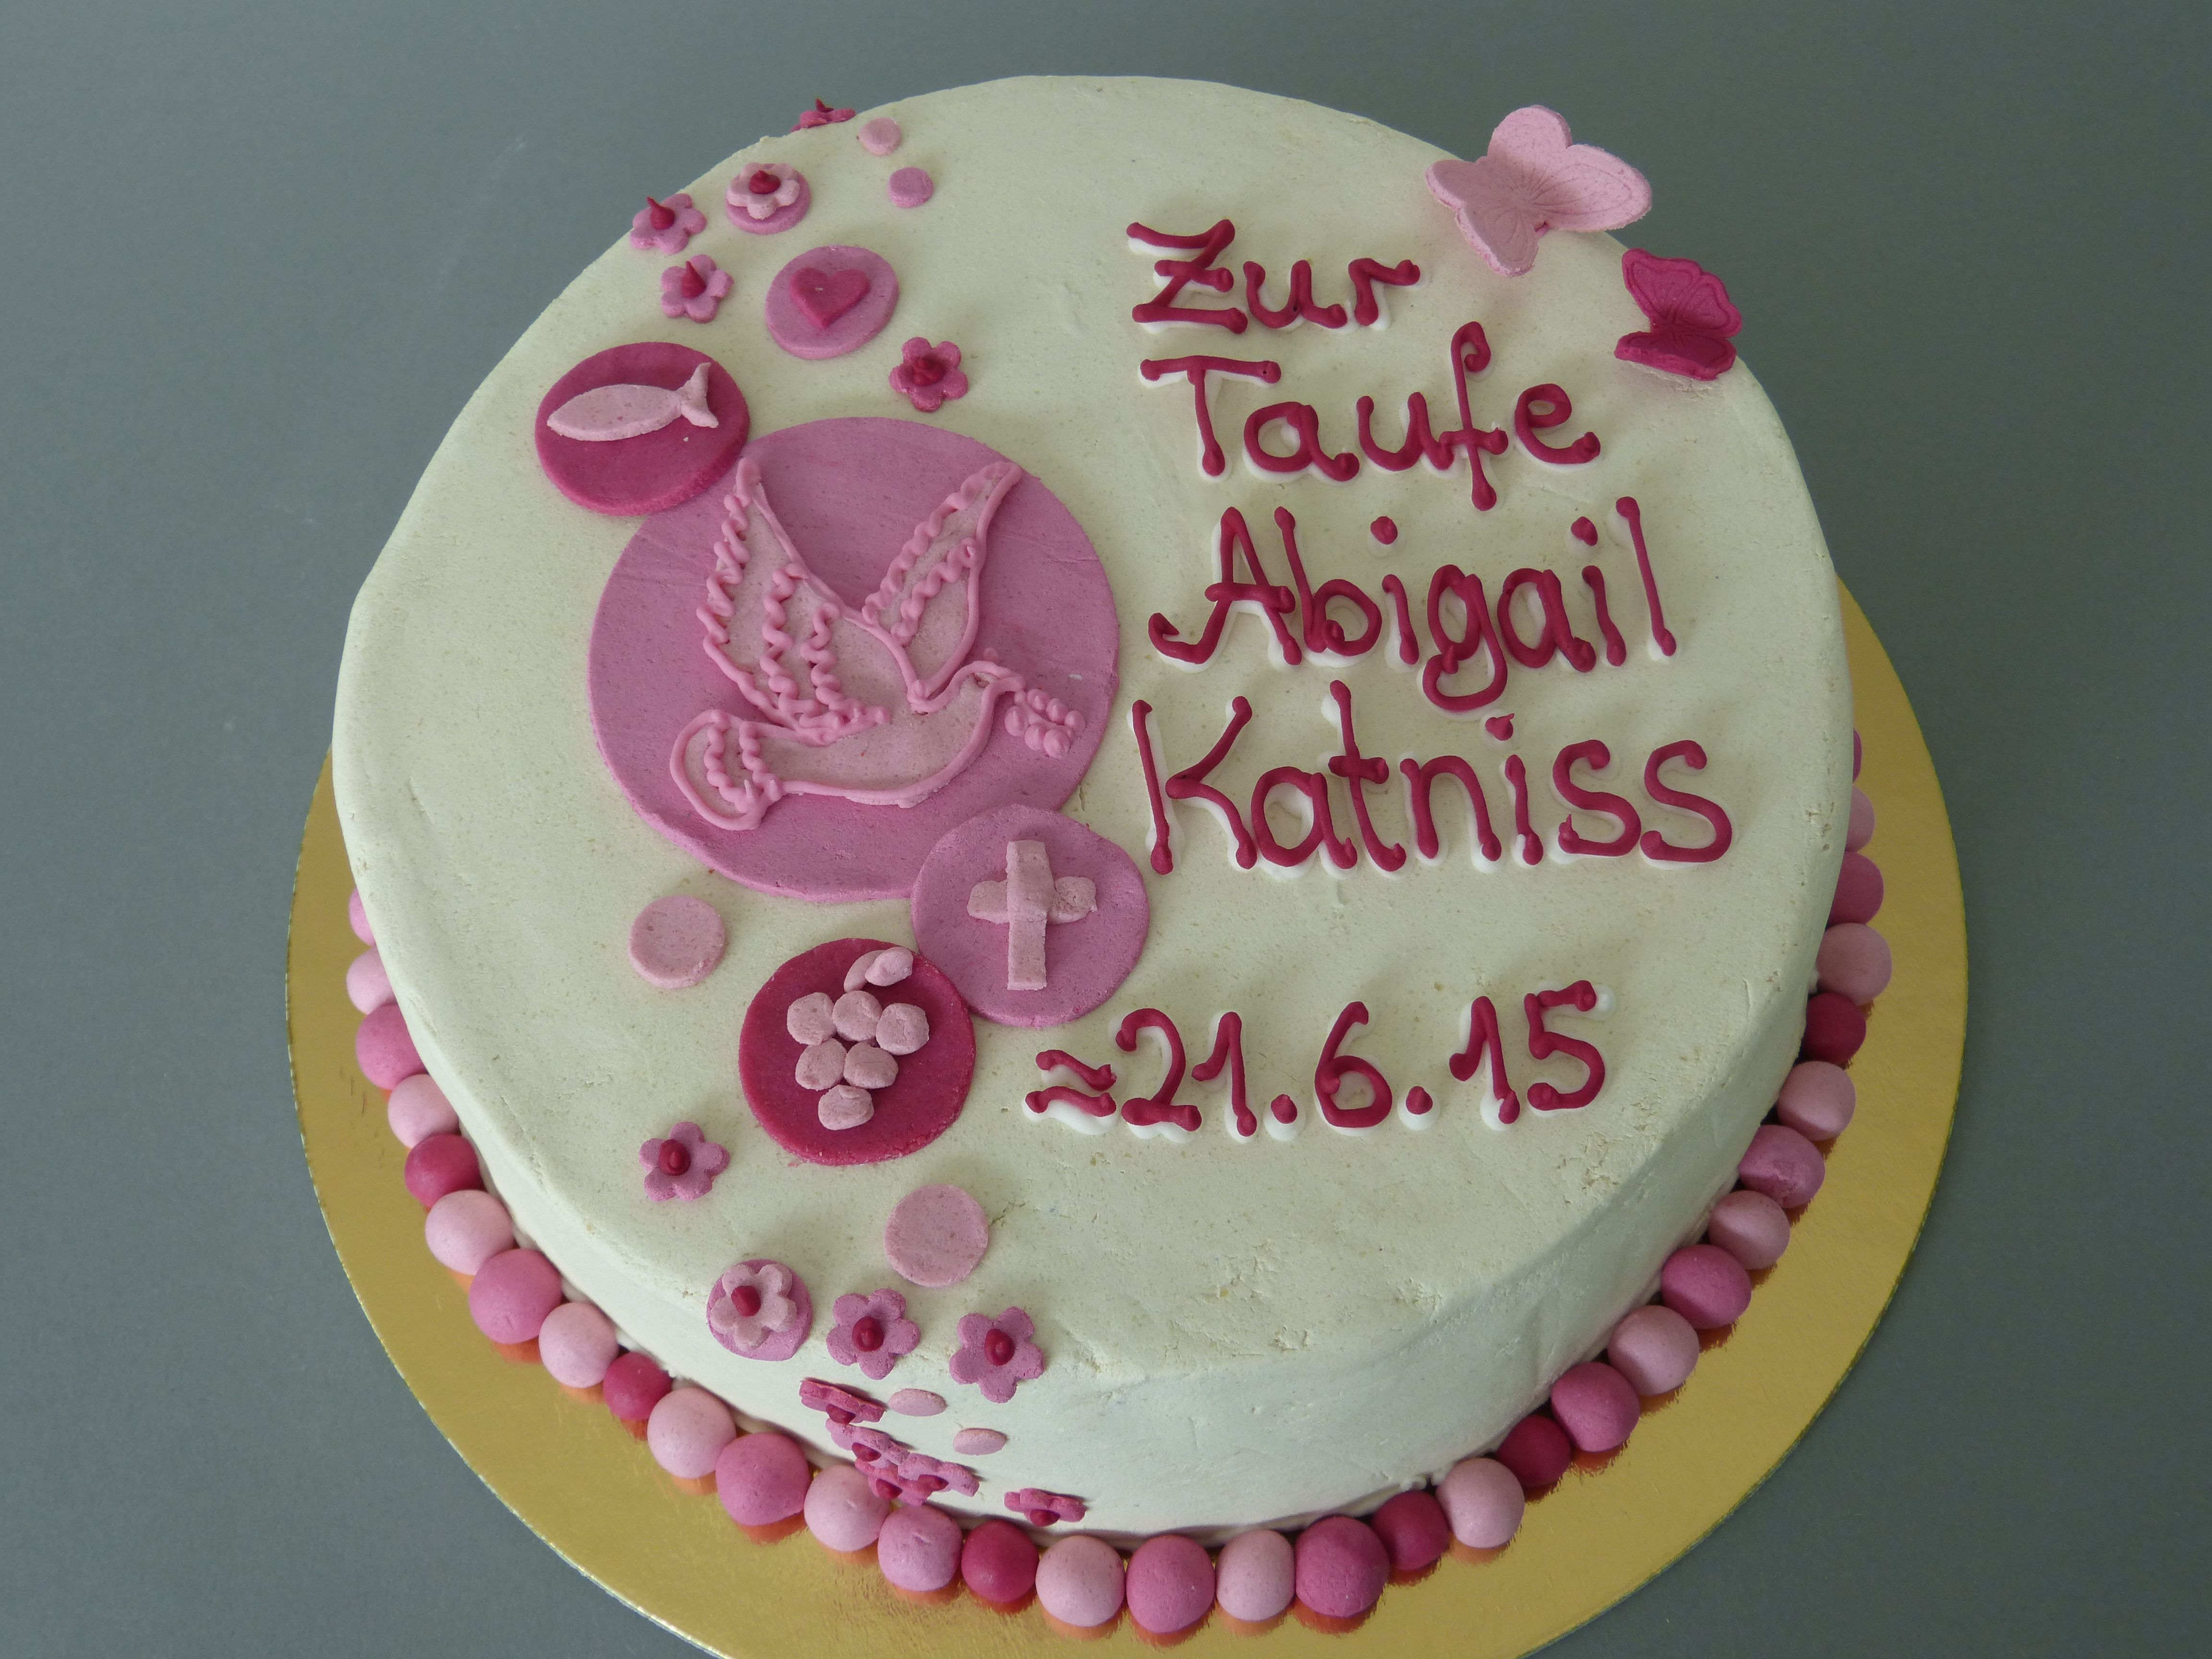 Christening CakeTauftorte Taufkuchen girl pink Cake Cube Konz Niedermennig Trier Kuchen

...

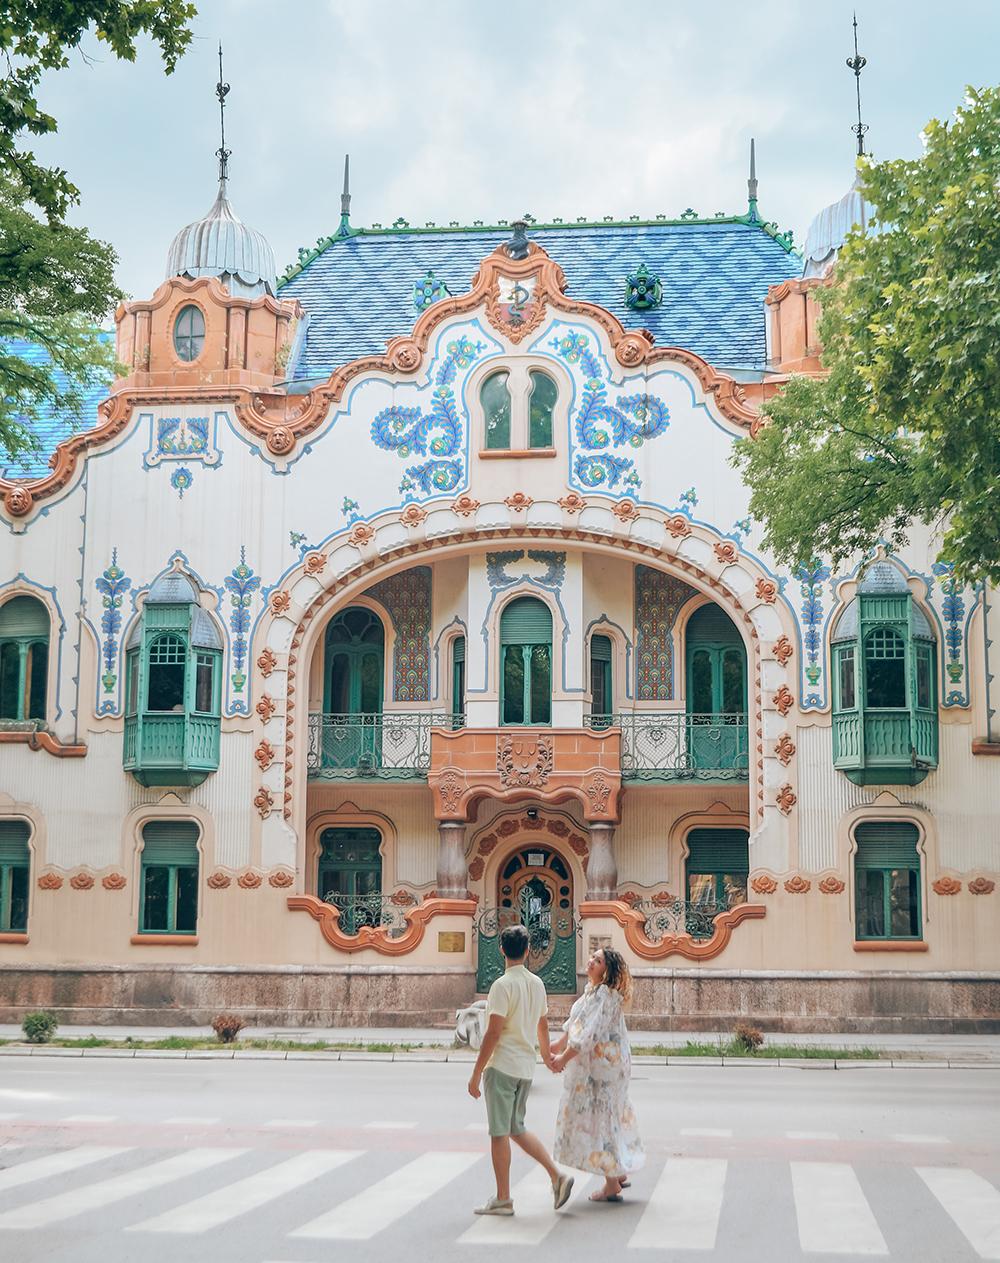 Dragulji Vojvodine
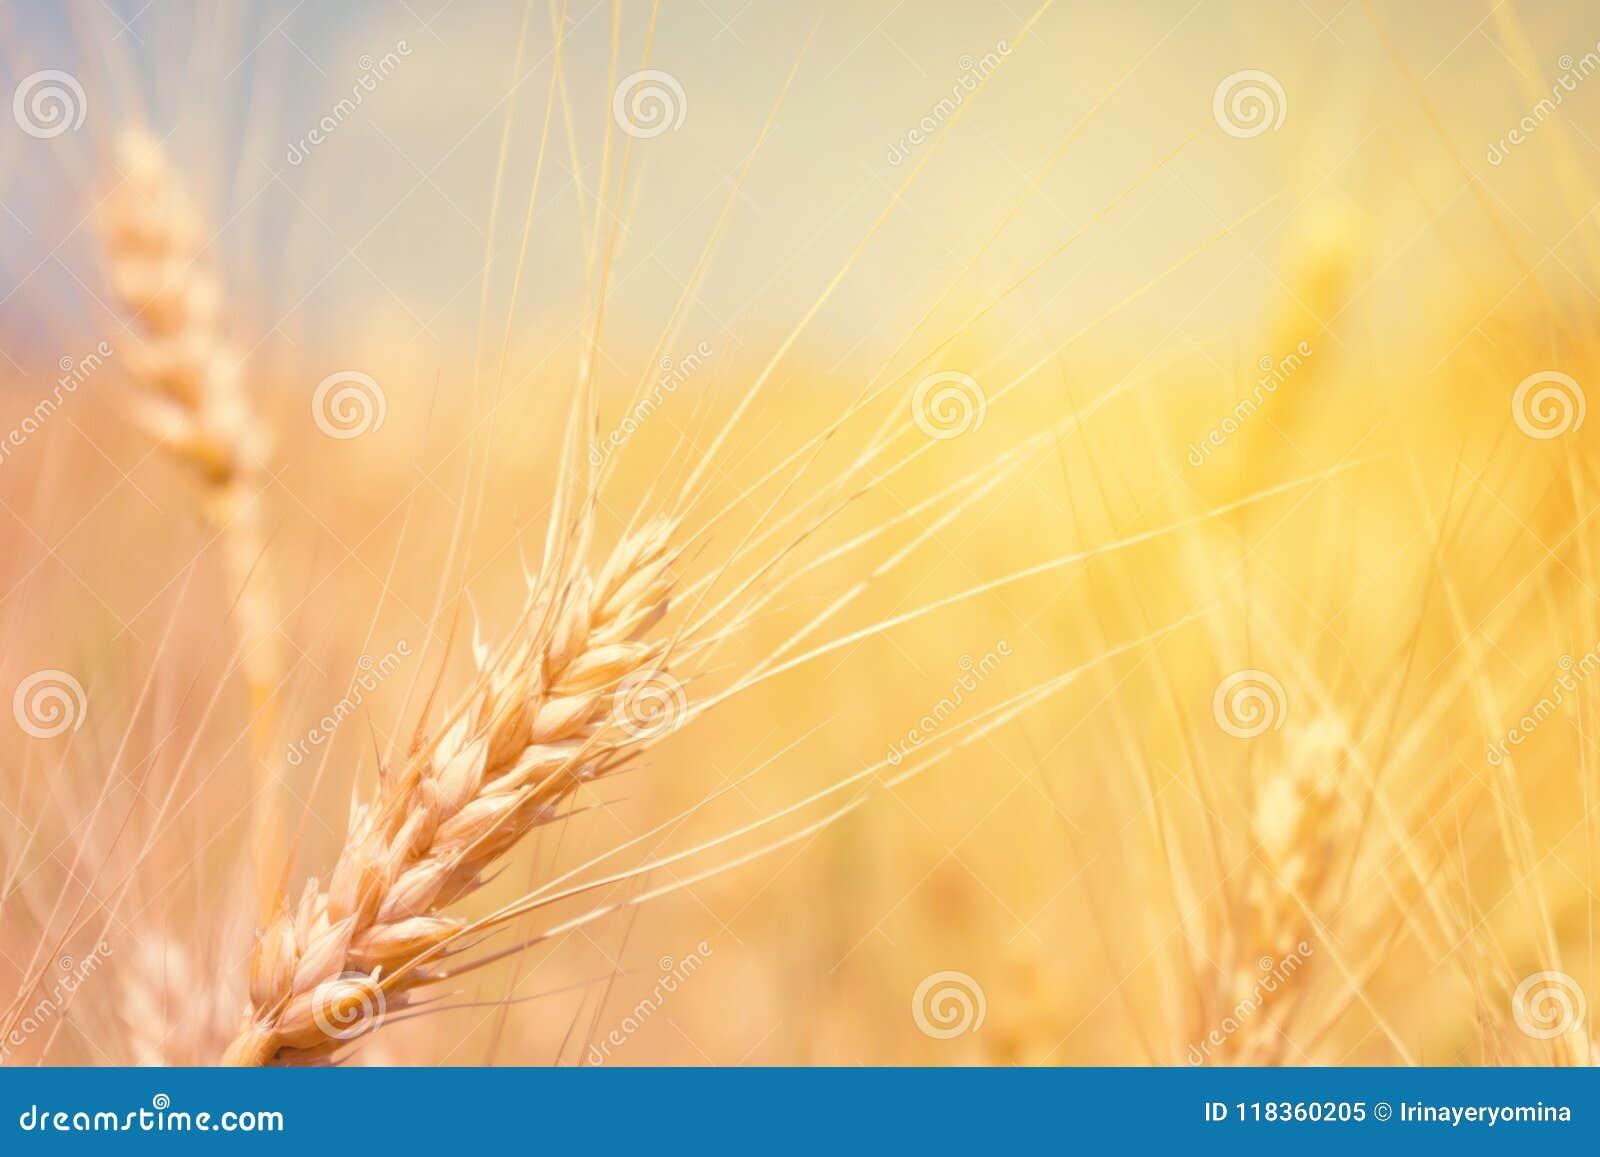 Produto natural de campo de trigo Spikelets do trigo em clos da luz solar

...

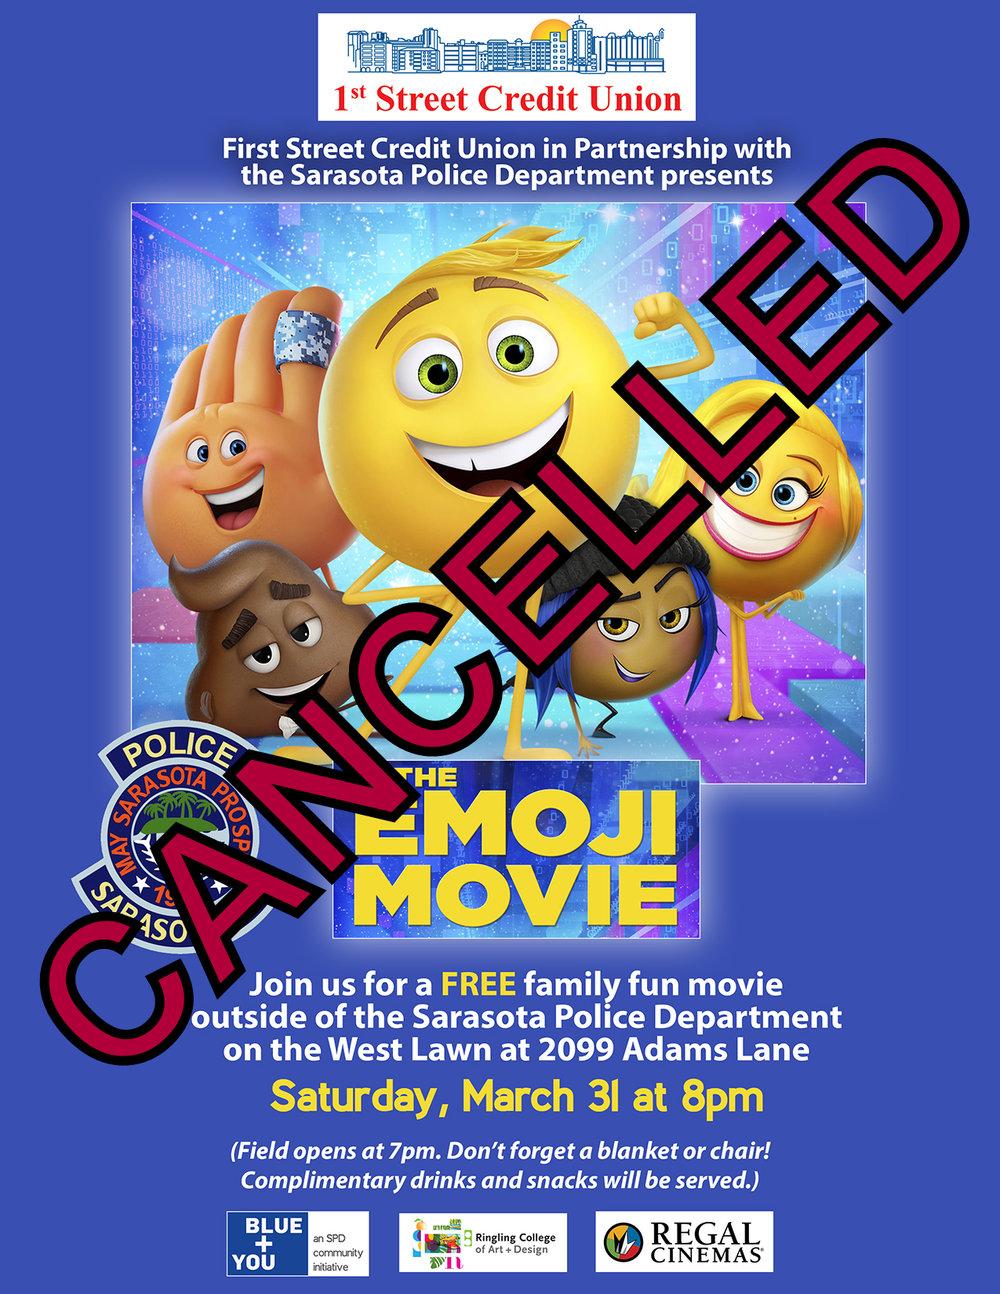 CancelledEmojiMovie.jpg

(Required action): Only the lines above from the one containing "Dragulji Vojvodine" through the one containing "Produto natural de" should be returned, verbatim and inclusive, with pictures excluded.

(Expected answer):
 Dragulji Vojvodine
 Produto natural de campo de trigo Spikelets do trigo em clos da luz solar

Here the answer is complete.